I'm redirected here to provide a critical review of Glicko and its misuse through GXE in Smogon.
Rating systems are fundamental to competitive gaming, helping match players of similar skill and track improvement over time. The Glicko rating system, developed by Mark Glickman, improves upon the Elo system by introducing a measure of rating reliability. Serious competitive electronic games such as Dota2 and League have adopted it or similar systems to matchmake players. Here in smogon however, we instead use a derived approximation called GXE by X-Act (
original post here). My goal is to show how Glicko by itself is suitable for ladder tiering, tournament seeding, and how GXE is ultimately harmful in any serious use.
On Glicko
As mentioned in the OP, the Glicko system uses two primary numbers to track player skill: Rating (R) and Rating Deviation (RD). The rating, typically starting at 1500, represents the estimated skill level. The Rating Deviation, usually starting at 350 (but for smogon we may be using 130), indicates the uncertainty in this estimate. This two-number approach is crucial because it tells us not just how good we think a player is, but how confident we are in that assessment.

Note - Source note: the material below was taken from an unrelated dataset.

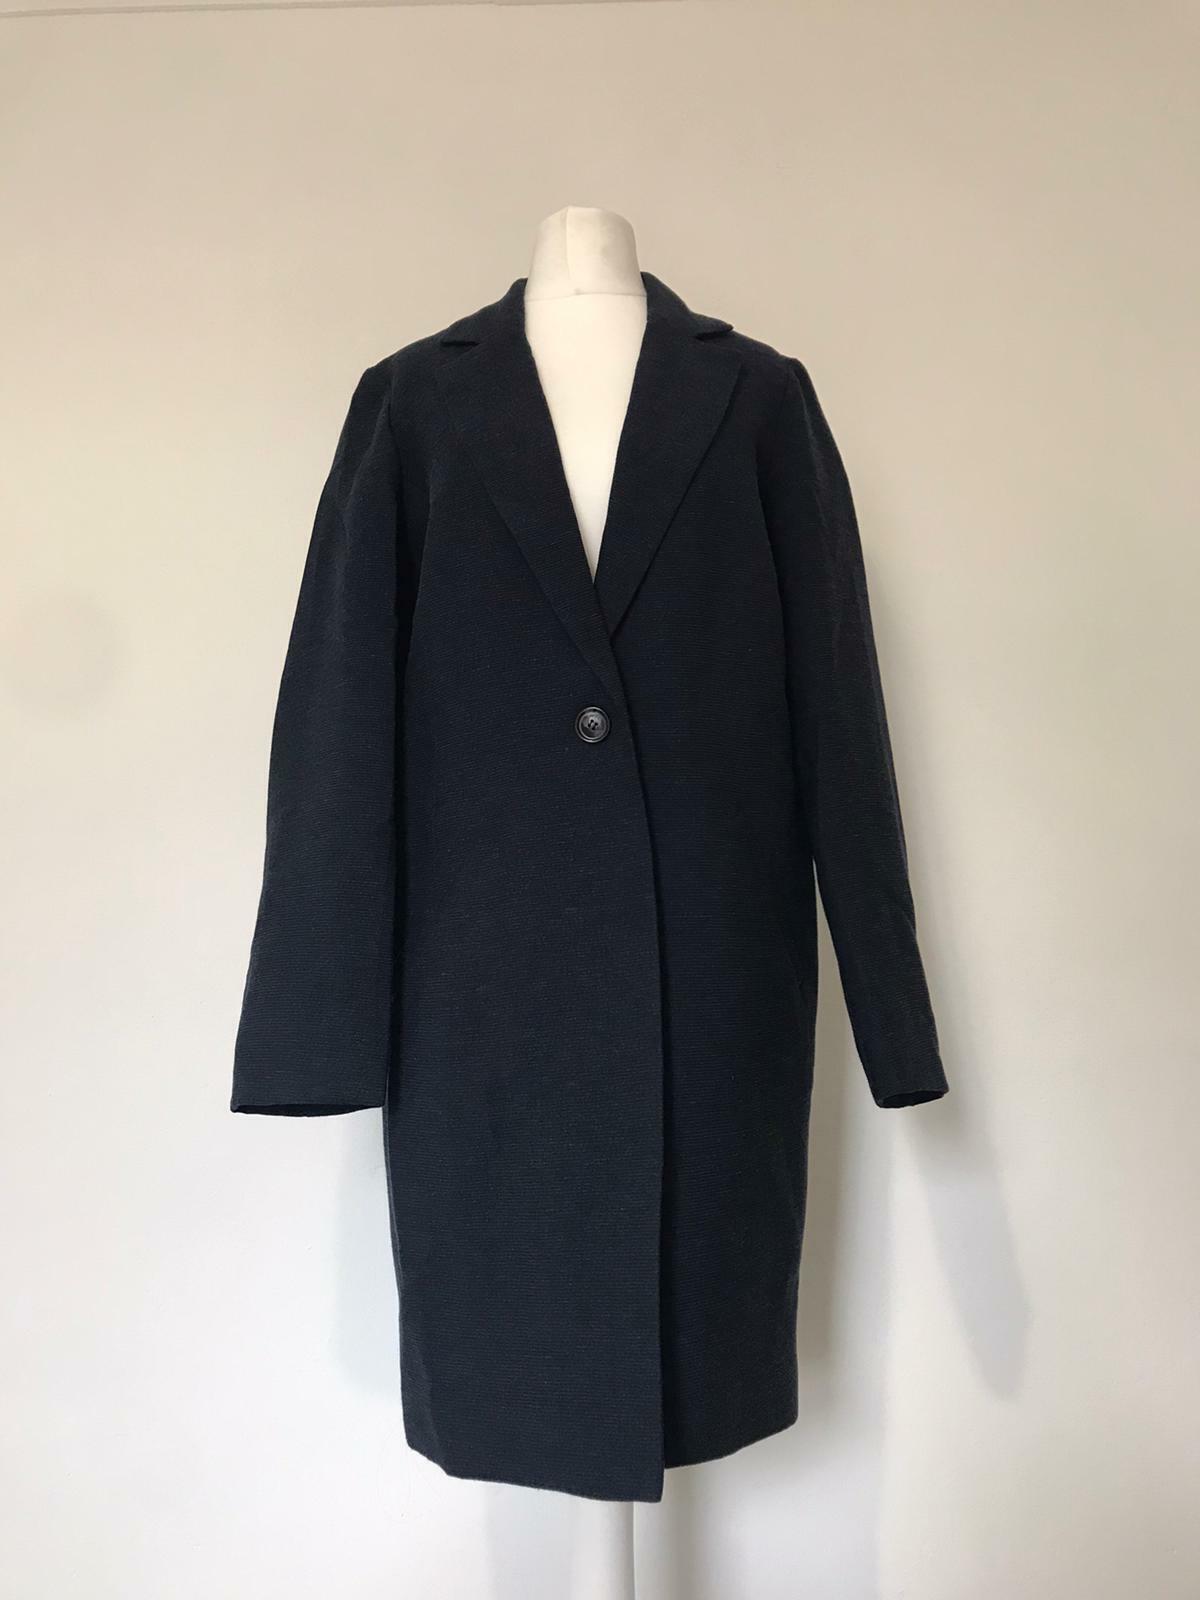 Mint Velvet Coat Size 6 Blue Relaxed Single Breasted Throw On Lightweight Coat

Rating Deviation naturally evolves throughout a player's career. It decreases as players complete more games, increases during periods of inactivity, and responds to the variety of opponents faced. A player who regularly competes against diverse opponents will typically see their RD decrease more rapidly than one who faces the same opponents repeatedly.
Typical RD ranges for different player categories:
- New players: ~350
- Active players: 60-110
- Regular players: 30-80
- Very active/professional players: 20-40
On GLIXARE aka GXE
(
original post here) A formula called GLIXARE was proposed to convert Glicko ratings into a single number:
Code:
GLIXARE Rating = 0, if RD > 100
GLIXARE Rating = round(10000 / (1 + 10^(((1500 - R) * pi / sqrt(3 * ln(10)^2 * RD^2 + 2500 * (64 * pi^2 + 147 * ln(10)^2)))))) / 100, otherwise
GXE as an absolute number was proposed as a means to replace CREs as a definitive measure of the player's skill rating because it may be difficult to compare players. This is a fundamental misuse of Glicko-1, which is a statistical formula, to produce some absolute number to rank or tier players for example its use for ladder requirements in suspect tests.
The GLIXARE formula suffers from several fundamental problems. First, its RD threshold of 100 is unrealistically low. Most active players naturally have RD values above 100, meaning the formula would assign them a rating of zero. This creates artificial "dead zones" where ratings become meaningless and completely ignores valid skill information from newer players.
The mathematical structure of GLIXARE introduces additional concerns. Its unnecessarily complex scaling and non-linear RD effects create unpredictable rating changes. The formula misuses RD's statistical properties and rigidly centers everything around 1500, limiting its flexibility. These issues make it poorly suited for practical applications like tracking player progress, facilitating matchmaking and subsequently its usage as ladder reqs.
The inherent flaws is surfaced as dubious player behaviours shown in getting ladder reqs with GXE: starting multiple new alts to get that lucky streak (of which COIL was an attempt to mitigate this), and some excellent players spending too much time trying to get reqs because they were simply unlucky. This isn't sustainable and an unneeded waste of system resources and human effort.
Better Ways to Use Glicko for Smogon
Instead of forcing ratings into a single number, we should be using R and RD from Glicko, (with an optional minimum amount of games) instead.
To quote the typical RD ranges again:
- New players: ~350
- Active players: 60-110
- Regular players: 30-80
- Very active/professional players: 20-40
We can set ladder reqs to be say R >= 1700 rating with RD <= 100 to filter out for regular players, or for professional/tournament winner adjacent players to be R>=1800 and RD <=50. This would encourage participation among excellent players by using a more accurate range of values instead of the artificial number like GLIXARE which is a fundamental misunderstanding of how Glicko was meant to be a statistical formula instead of an absolute number. This change would also encourage players to just stick with the one account used for ladder reqs, because Glicko-1 is relatively fast to respond to rating changes.
---
While attempts to simplify Glicko into a single number like GLIXARE are understandable, they often sacrifice valuable information about rating uncertainty. Instead, embrace Glicko's two-number system and use confidence intervals for tiering players. This approach provides a more nuanced and accurate picture of player skill while accounting for the natural uncertainty in skill assessment.